Within a month of seeing Harris, Rogers’ spinal lesion grew and he became a quadriplegic, according to Friedman.
“We’re not trying to prove that Good Samaritan is a horrible place, but that Dr. Harris made a mistake,” Friedman said.
Jurors were shown a video of Rogers’ mother bathing her son at her home in Missouri, where the plaintiff now lives. Friedman told jurors that his client has hopes of having a better life.
“He wants to live, he even wants to walk,” Friedman said.
Although Harris is an independent contractor and not a Good Samaritan employee, he has the authority to act on the hospital’s behalf, according to Friedman.

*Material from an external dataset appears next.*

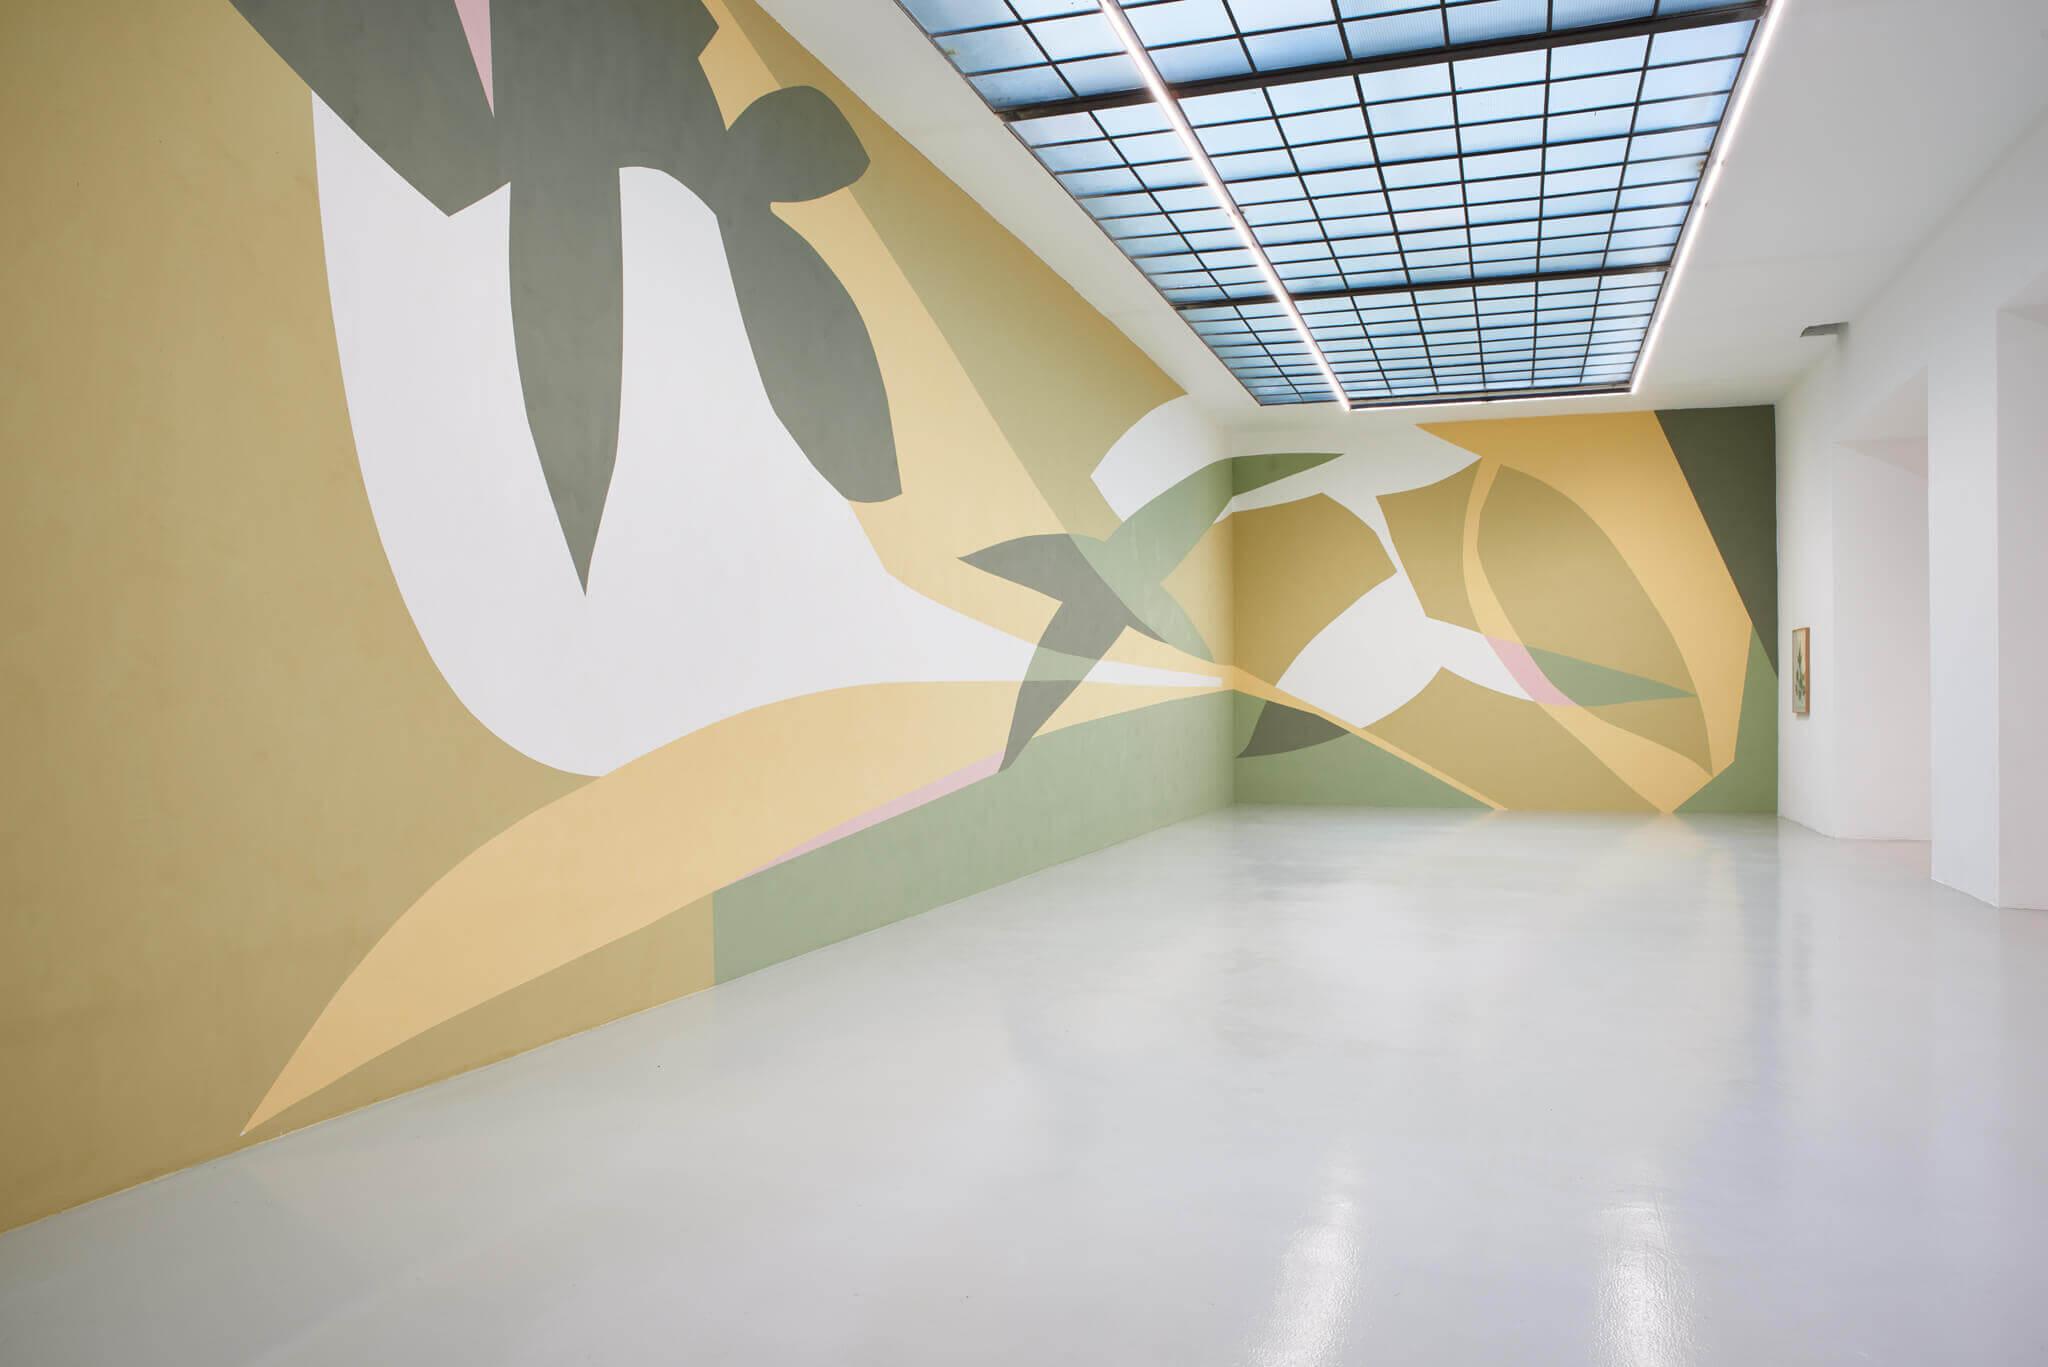 01_Frauke Dannert_Collage_Ausstellung_Folie_Galerie Lisa Kandlhofer_Wien_2018
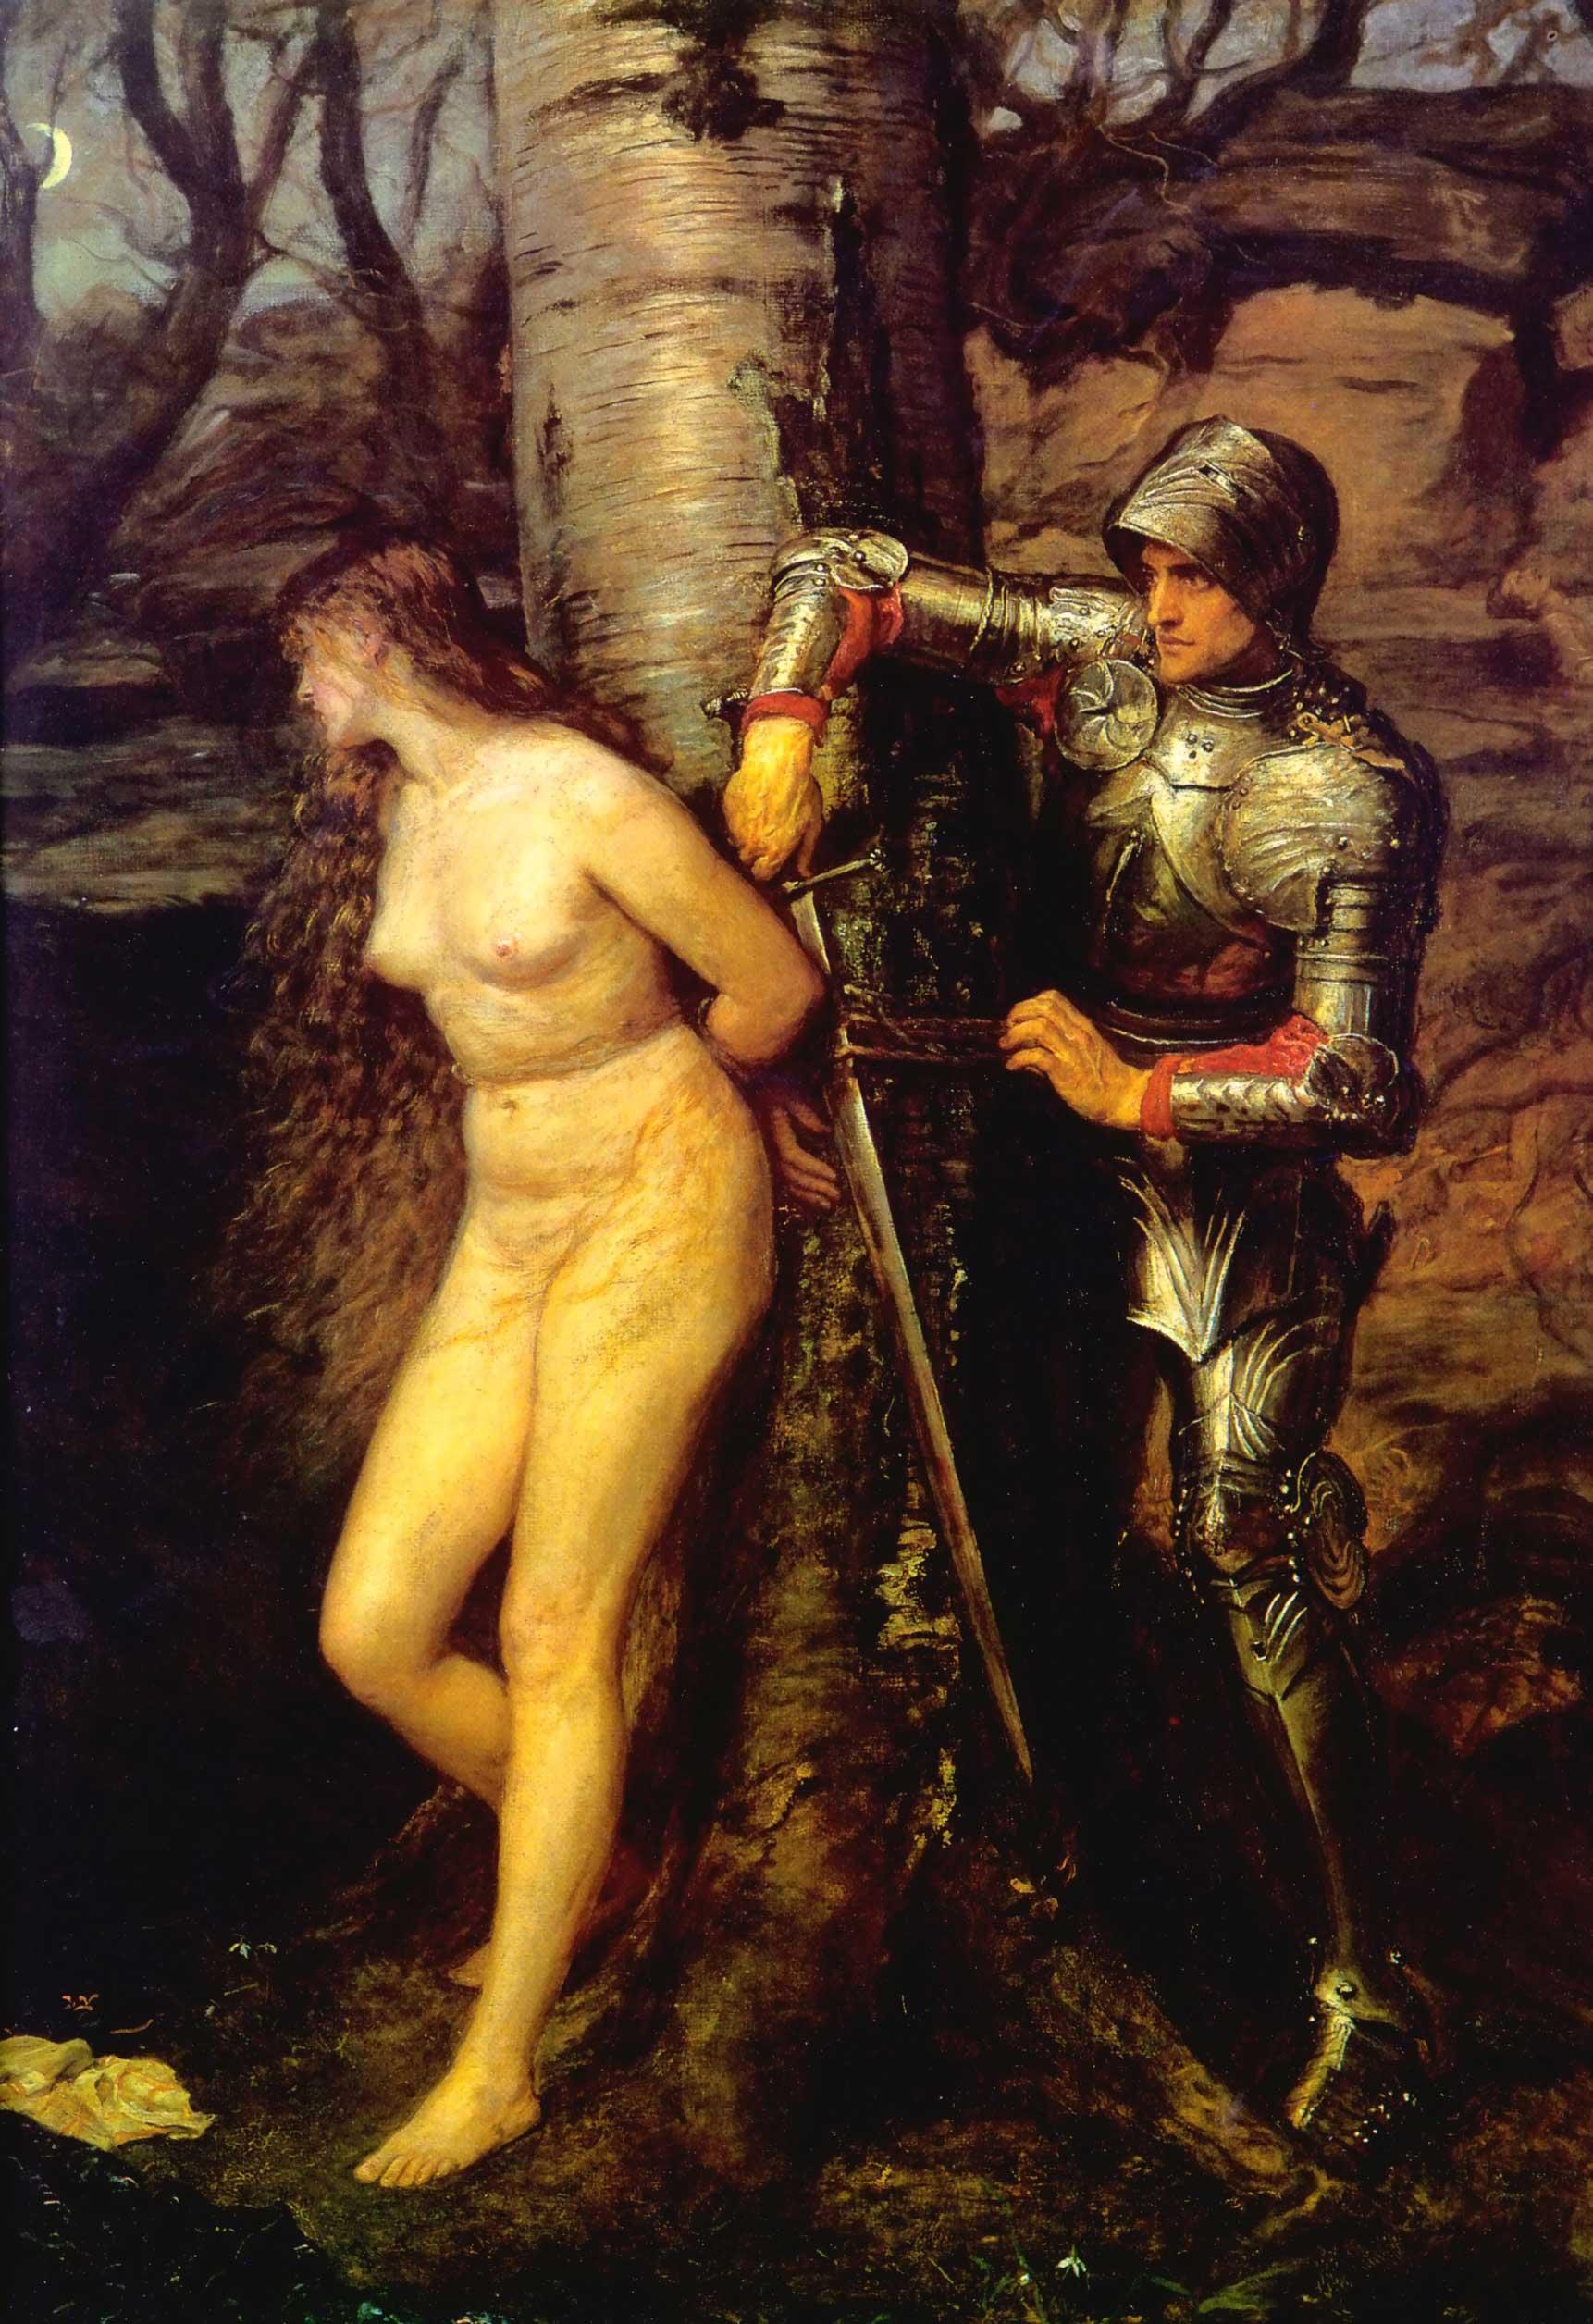 http://uploads8.wikipaintings.org/images/john-everett-millais/the-knight-errant.jpg

Harris was one of the parties originally sued, but is no longer a defendant in the case.
Fraser said that if the jury is inclined to award damages, the amount should be no more than $3 million to $4 million. He said that amount would provide Rogers with 24-hour care for the rest of his life.
Fraser said transverse myelitis is a disease so unusual that some veteran doctors never see it during medical careers. He said it is “medically naive” to think it could have been prevented in Rogers’ case by giving him steroids and that an MRI would not have revealed any abnormalities.